Source data ::
+ + +

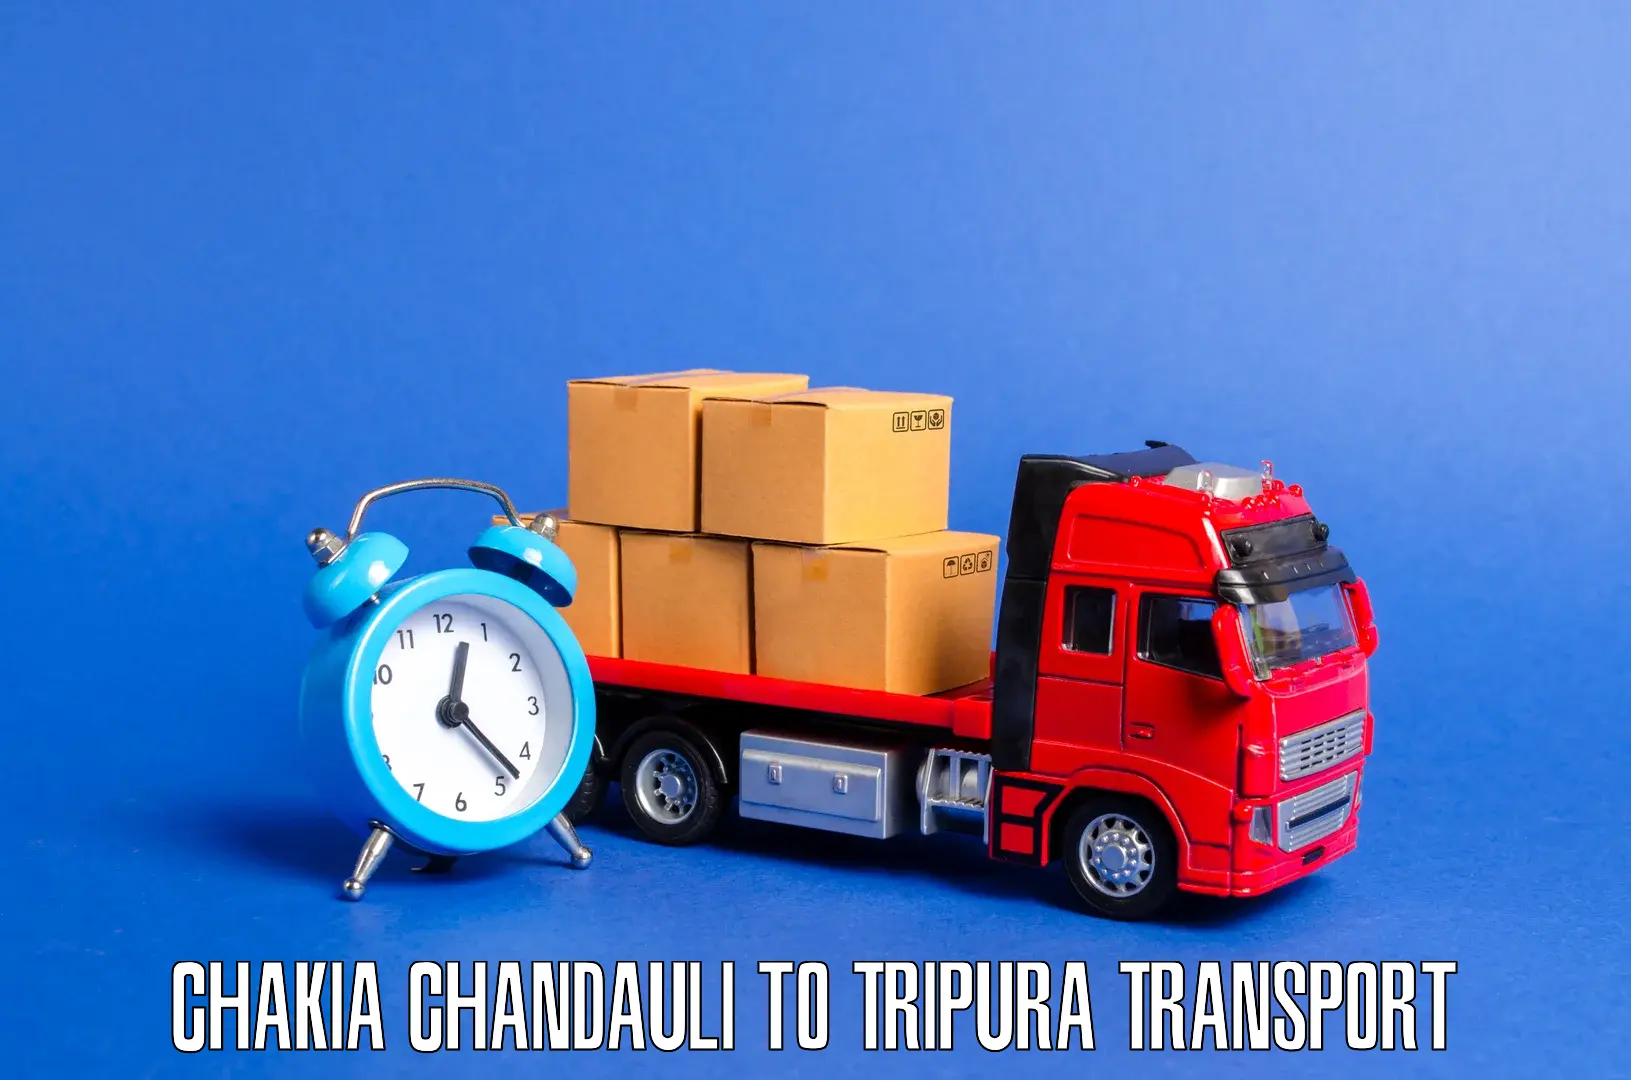 Furniture transport service Chakia Chandauli to Ambassa
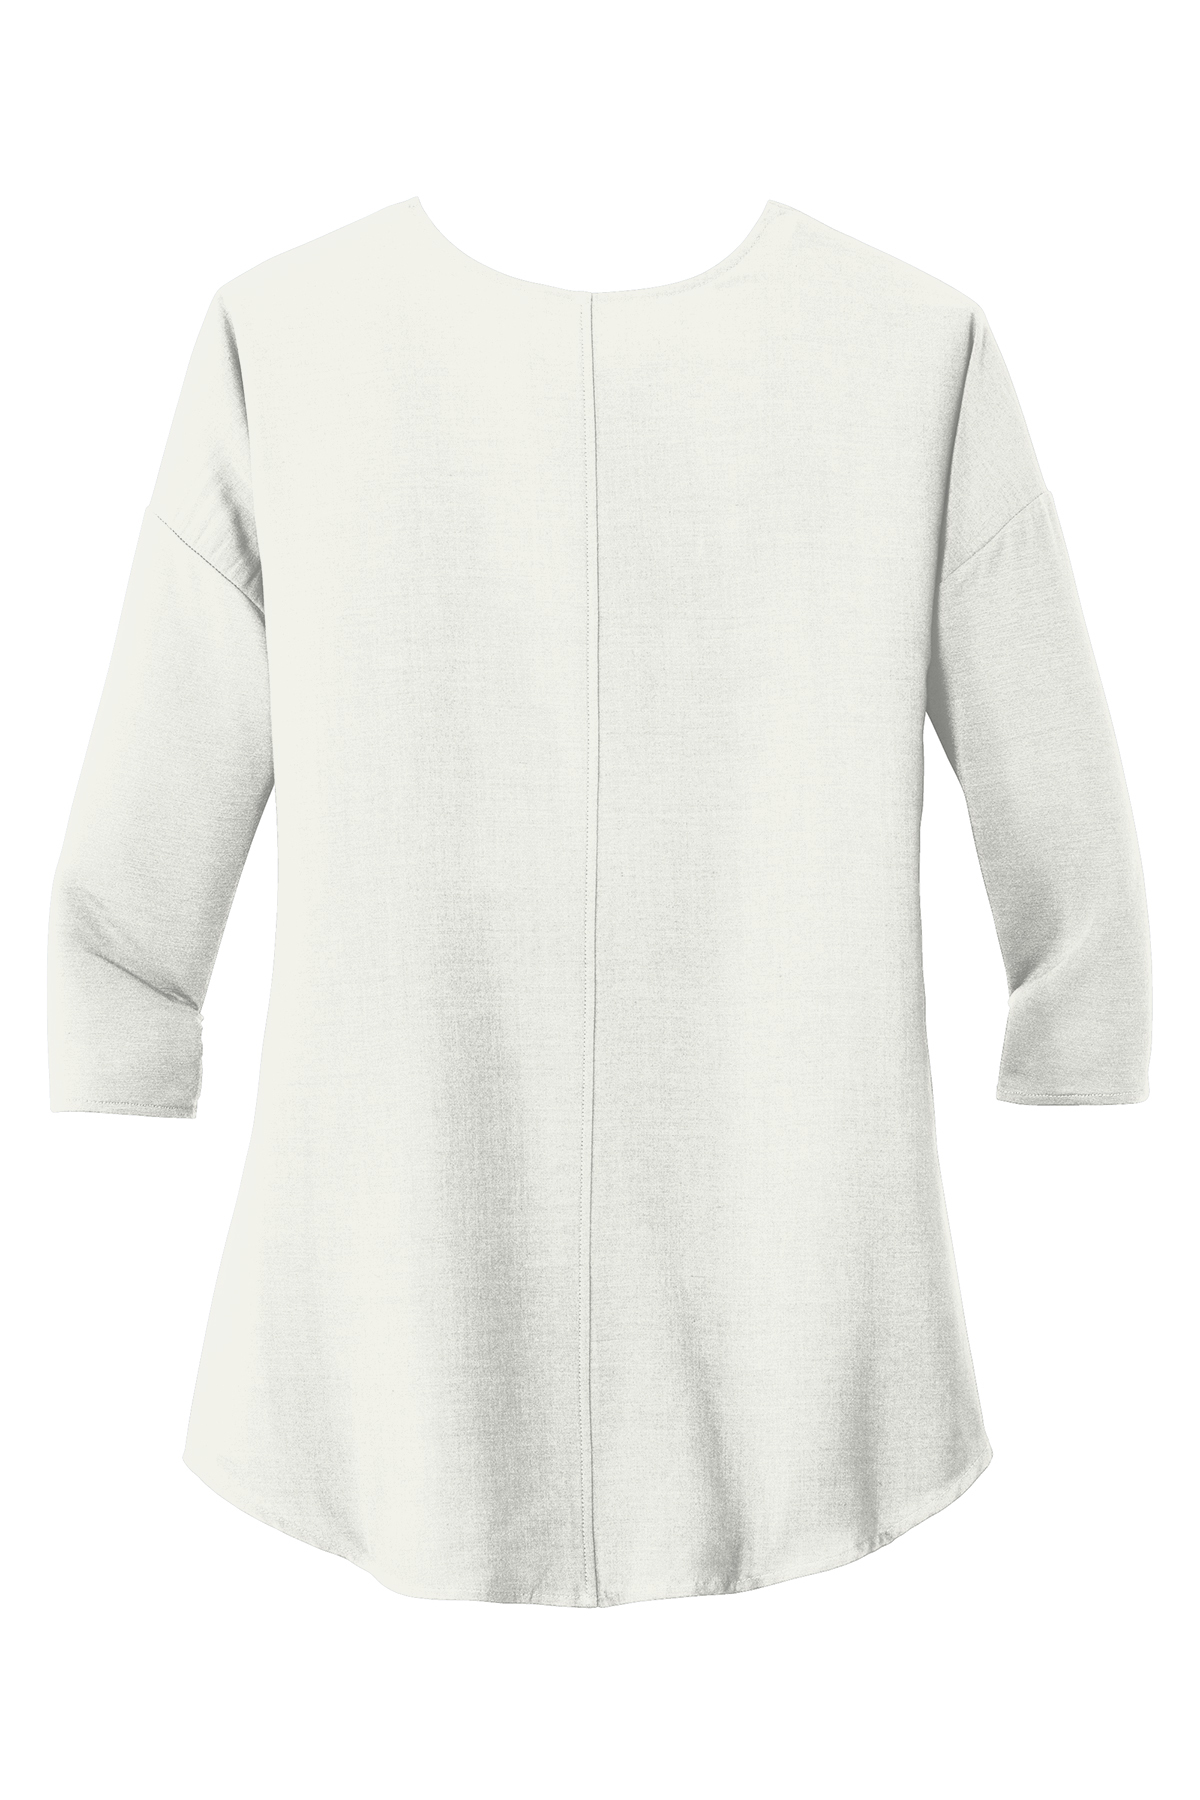 Port Authority ® Ladies Concept 3/4-Sleeve Soft Split Neck Top
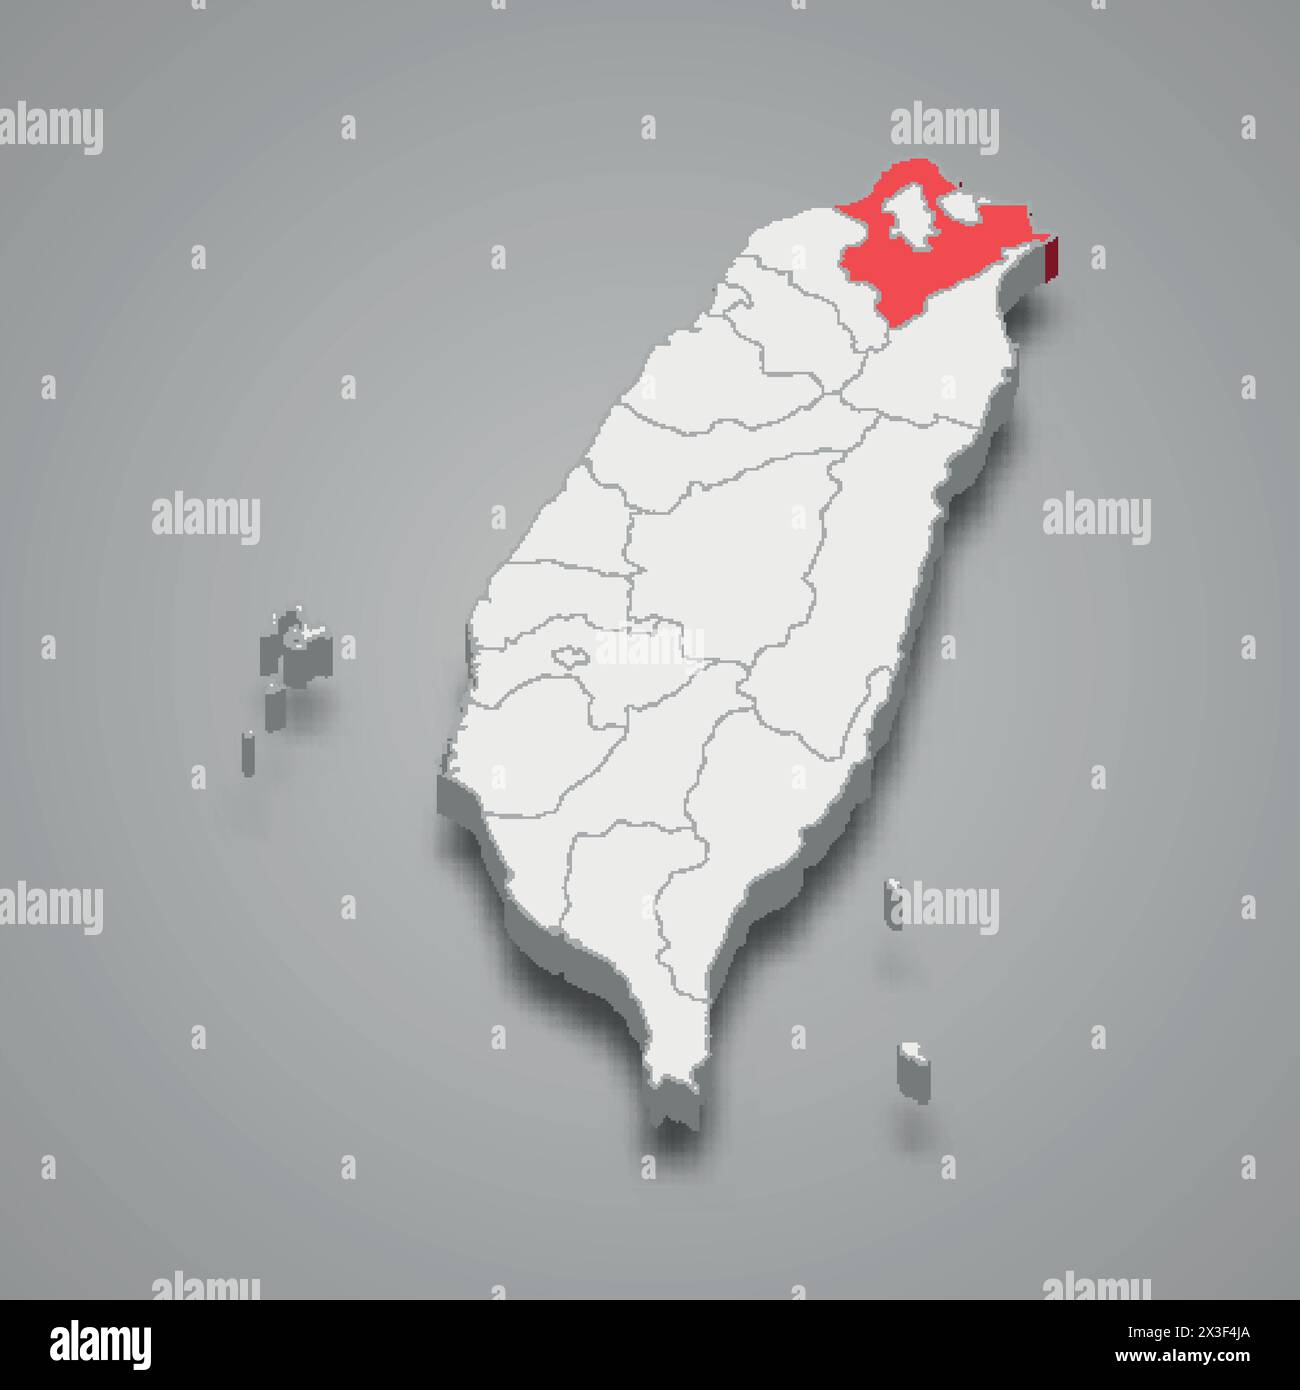 New Taipei City Division ist rot auf einer grauen Taiwan 3D Karte hervorgehoben Stock Vektor

+ + +

Task details ::
In repeating the lines above, keep the wording exact and leave every picture out.

Answer to the problem ::
 Furniture transport service Chakia Chandauli to Ambassa
 Port Authority ® Ladies Concept 3/4-Sleeve Soft Split Neck Top
 New Taipei City Division ist rot auf einer grauen Taiwan 3D Karte hervorgehoben Stock Vektor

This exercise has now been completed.